Sometimes the younger students have the smartest learning skills.
When you learn another language, one of the hardest things to master is pronunciation. It can be tempting to pronounce new words with the same accent and intonation as in your native language, but as it would be so good you would be to get in touch with locals, we should do some more preparation, sometimes it would be better if you did rewriting the textbook.
It’s a course in language learning that received attention recently on Twitter: The English instructors in @KoalaEnglish 180 shared the following tweet with a message: “The language lesson has brought the attention of everyone.”
I think that one elementary school student can listen to English again. He tapped into his intuition.
(@KoalaEnglish180) July 16, 2022
The elementary school student who heard these English words for the first time knew how they were typically rendered into Japanese, so they simply wrote them how they heard them. As such, pronunciation is much closer to the local pronouncement; it’s entirely different to Japanese students that typically study to pronounce them at school.
And as we look at elementary schools pronunciation list, we can see how the first word, water, is pronounced waaraa. Although most native speakers are having difficulty spotting it in the daily lives, we often do not like to talk about waaraa very quickly.
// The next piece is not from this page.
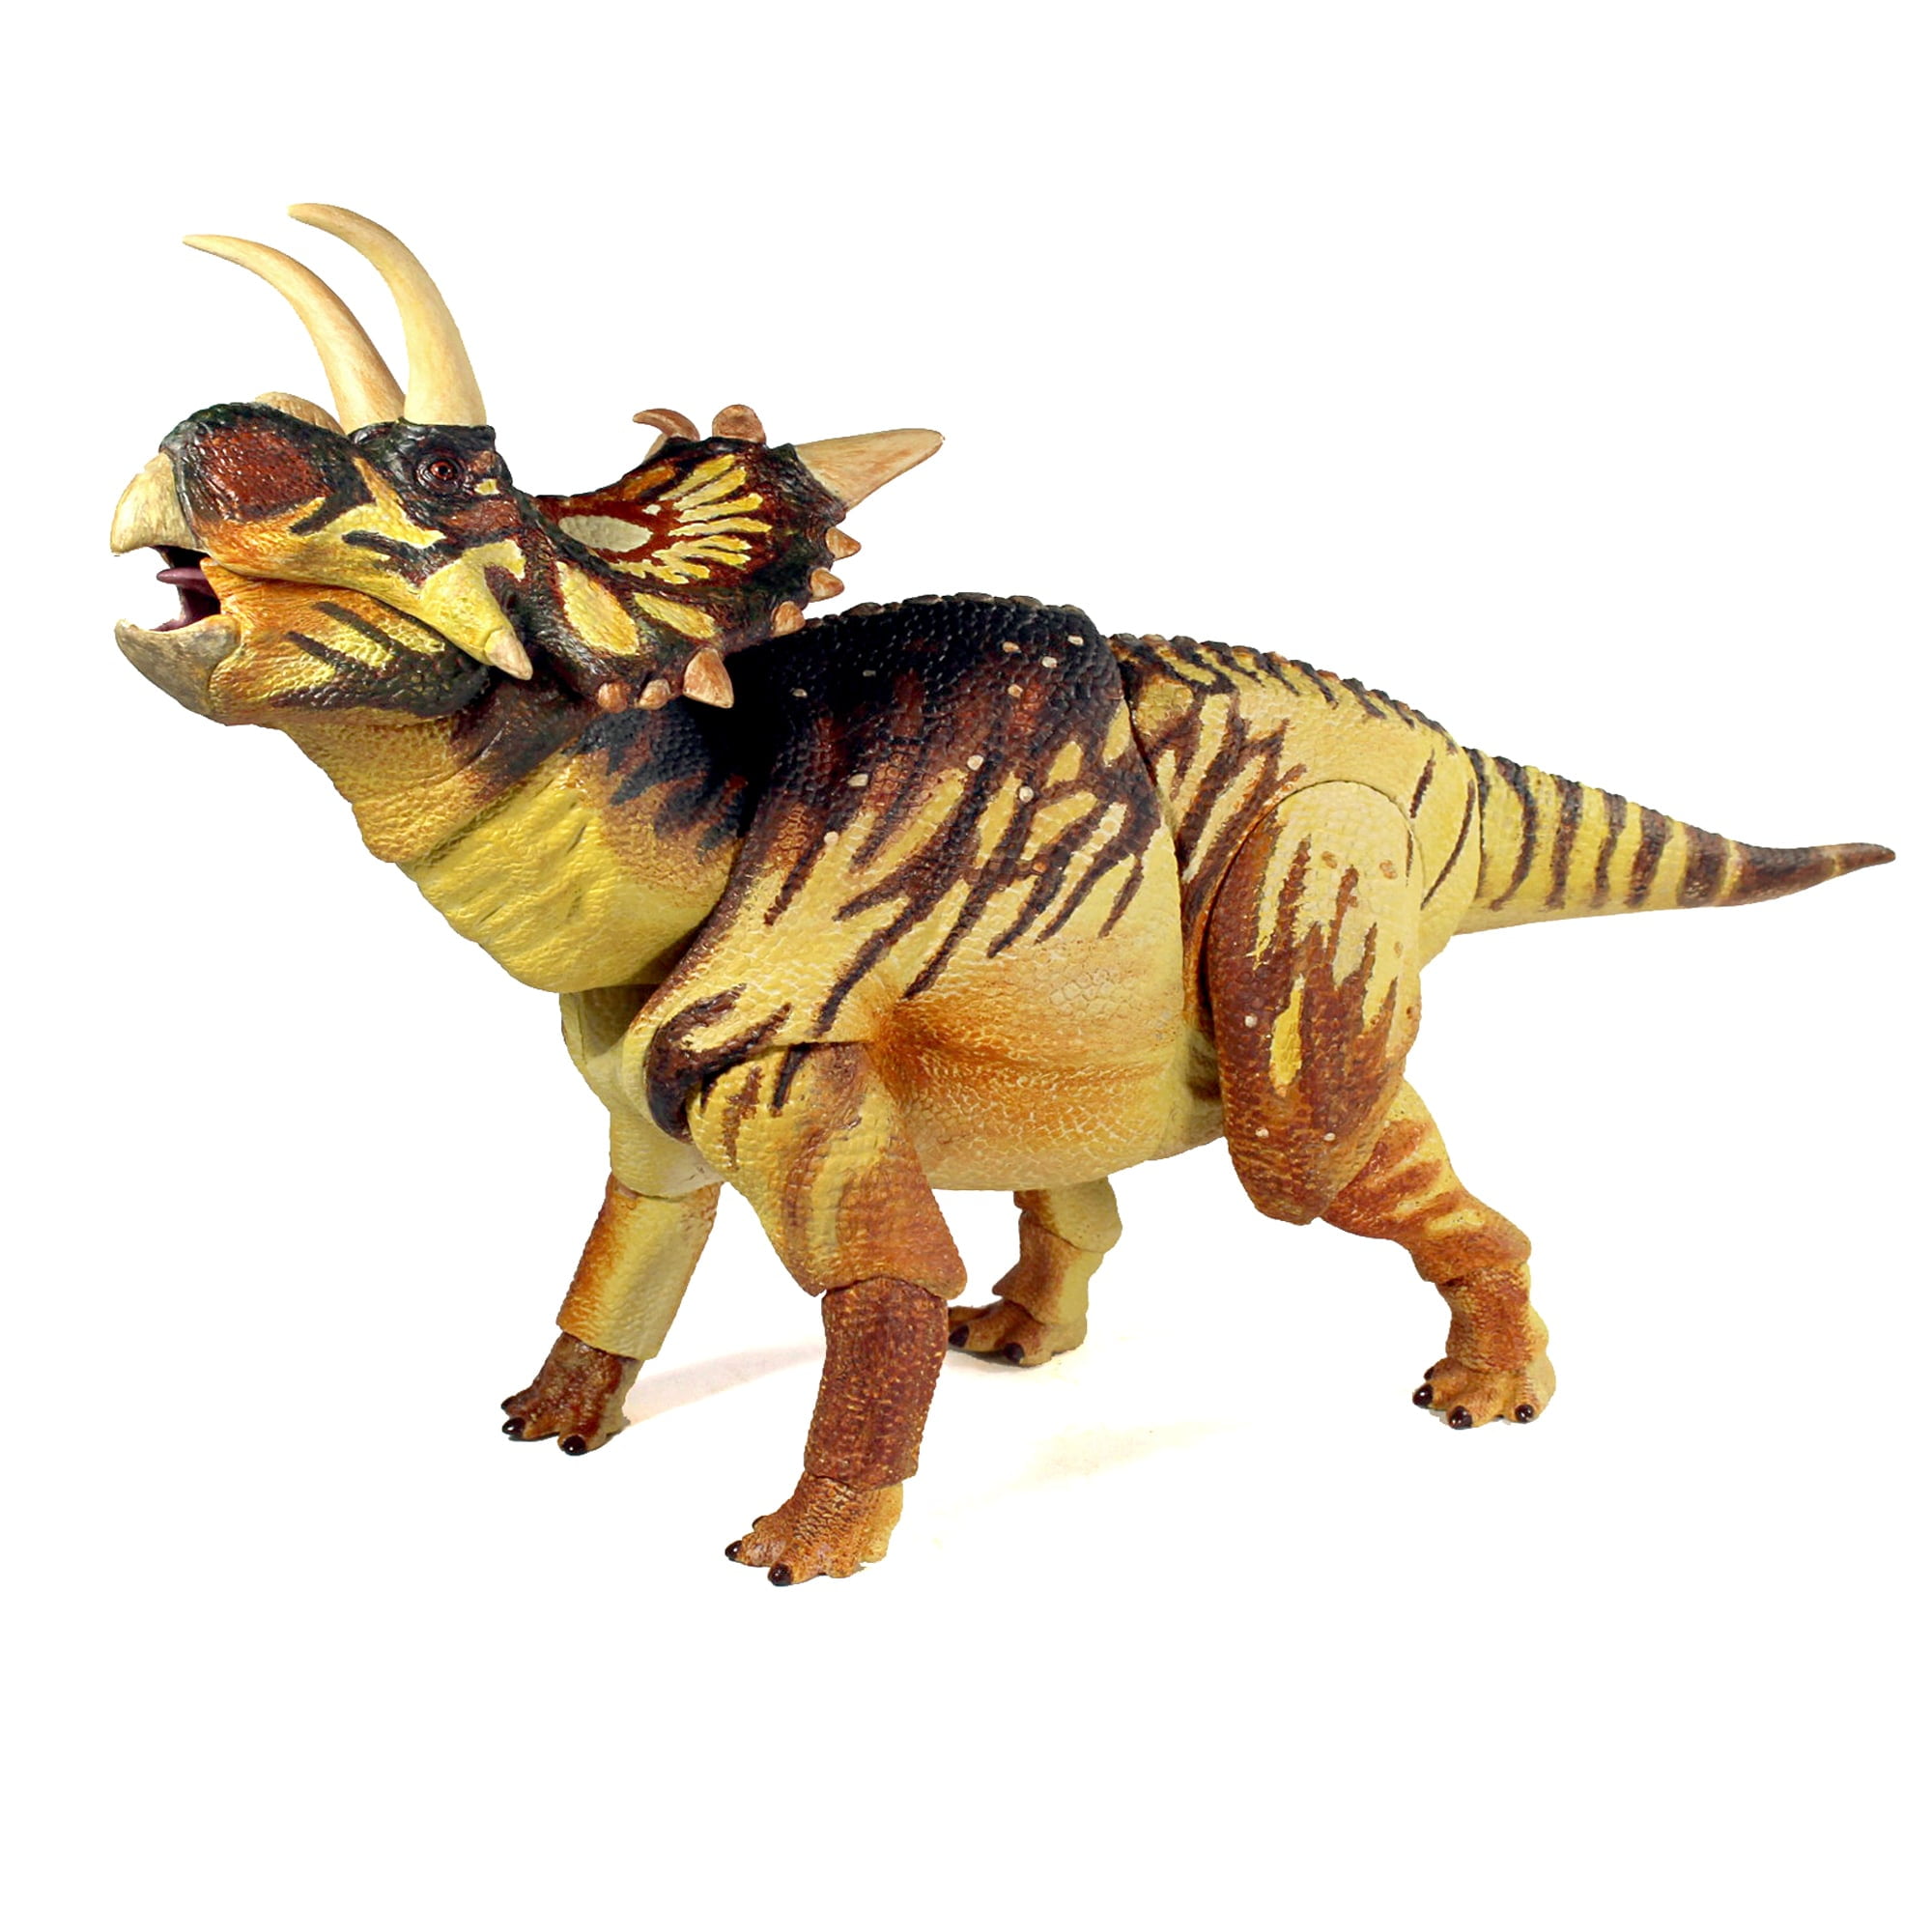 Beasts Of The Mesozoic: Xenoceratops Foremostensis- 1/18th Scale Dinosaur  Action Figure - 14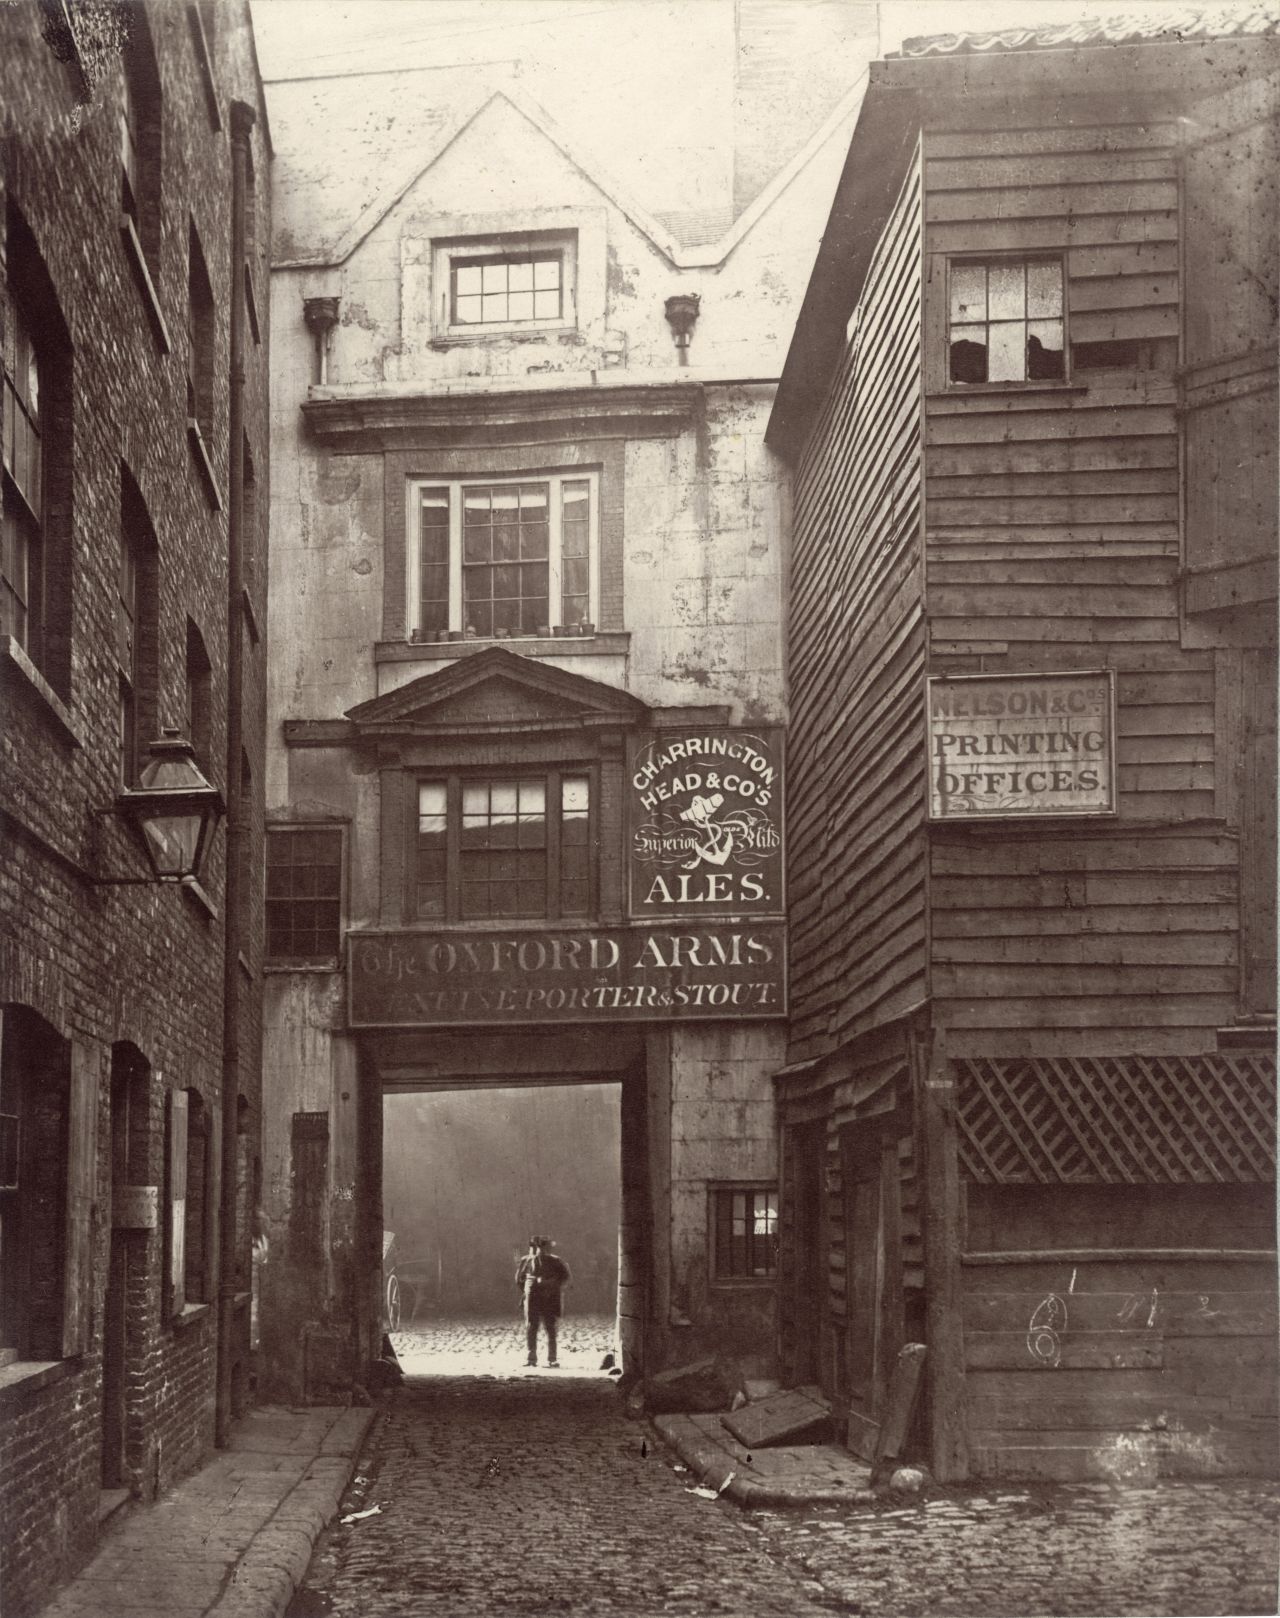 The Oxford Arms inn, demolished in 1876, was typical of the "ancient hostelries" that had "degenerated into little more than the abiding and booking-places of country wagons," according to Dickens.

In fact, as such, the relics of a native speaker are bleak, whose voices make fun of themselves.
When you learn English in Japanese schools, then it is printed out as a word, if you were using hiragana, if you still didn’t learn the katakana language, or if you used hiragana as a schoolmate, or the boy who already hasn’t yet learned the syllabary. This word is pronounced uootaa, which makes sense in Japanese, as u is used for other words starting with w, like wood (uu-do) but the hard u sound is something native speakers can’t use when saying water, rendering Japanese pronunciation very useful.
What a great student is reading while a high school student knows more about the real world than a textbook.
As for the other words, we were given:
Girls usually pronounce guoo, but with long o sound at the end of the sentence, meaning (gaaru) in Japanese.
A distinctly spicy kuuru in Japanese, like the English language, is sometimes pronounced as a kuuoo, with a long sound that a long o sound ends with.
In Japanese, quite often called puirii, meaning a “puriti”, which again drops the t in intense, quiet tingling.
In Japanese, the word “chiatto”, pronounced the “kyaa”, followed by the easy tense tagging.
In Japanese really pronounced by Arabic a riarii, the pronounced uiirii usually means pronounced riarii in Japanese.
The last six words are:
The Japanese word inpootanto means pronounced impoorun in Japanese, and has long o and u sounds.
Bottle pronounced as “botoru”, with long-o sounds in Japanese language.
Train pronunciation is Japanese, followed by that pronunciation means torein. Moreover, it means chuein pronunciation is used in Japanese.
Many Japanese word (a rotto obu) says pronounced arora in Japanese.
In Japanese word of the word no more, meaning no more than no more that pronounced (not only atto ooru) in the language: Noraroo, without a long o sound in the end, so I will speak it by the end of the end.
The Japanese word ai-nia (the Japanese word “Ai donto noo”) says pronounced, aronoo, with a long-o sound at the end of the sentence.
I wanted to speak the last four of these things, that really capture what I’ve known as a native English speaker. In fact, we can use that last in the office ourselves as a whole, because arono would save us a lot of time and energy on all those occasions when Mr. Sato asks us to take part in his escapades.
The high quality English pronunciation can make sense for elementary students alike. Heres hoping that they remember this lesson as they get older, and so we can all use the intuition of an elementary school student to learn our own language.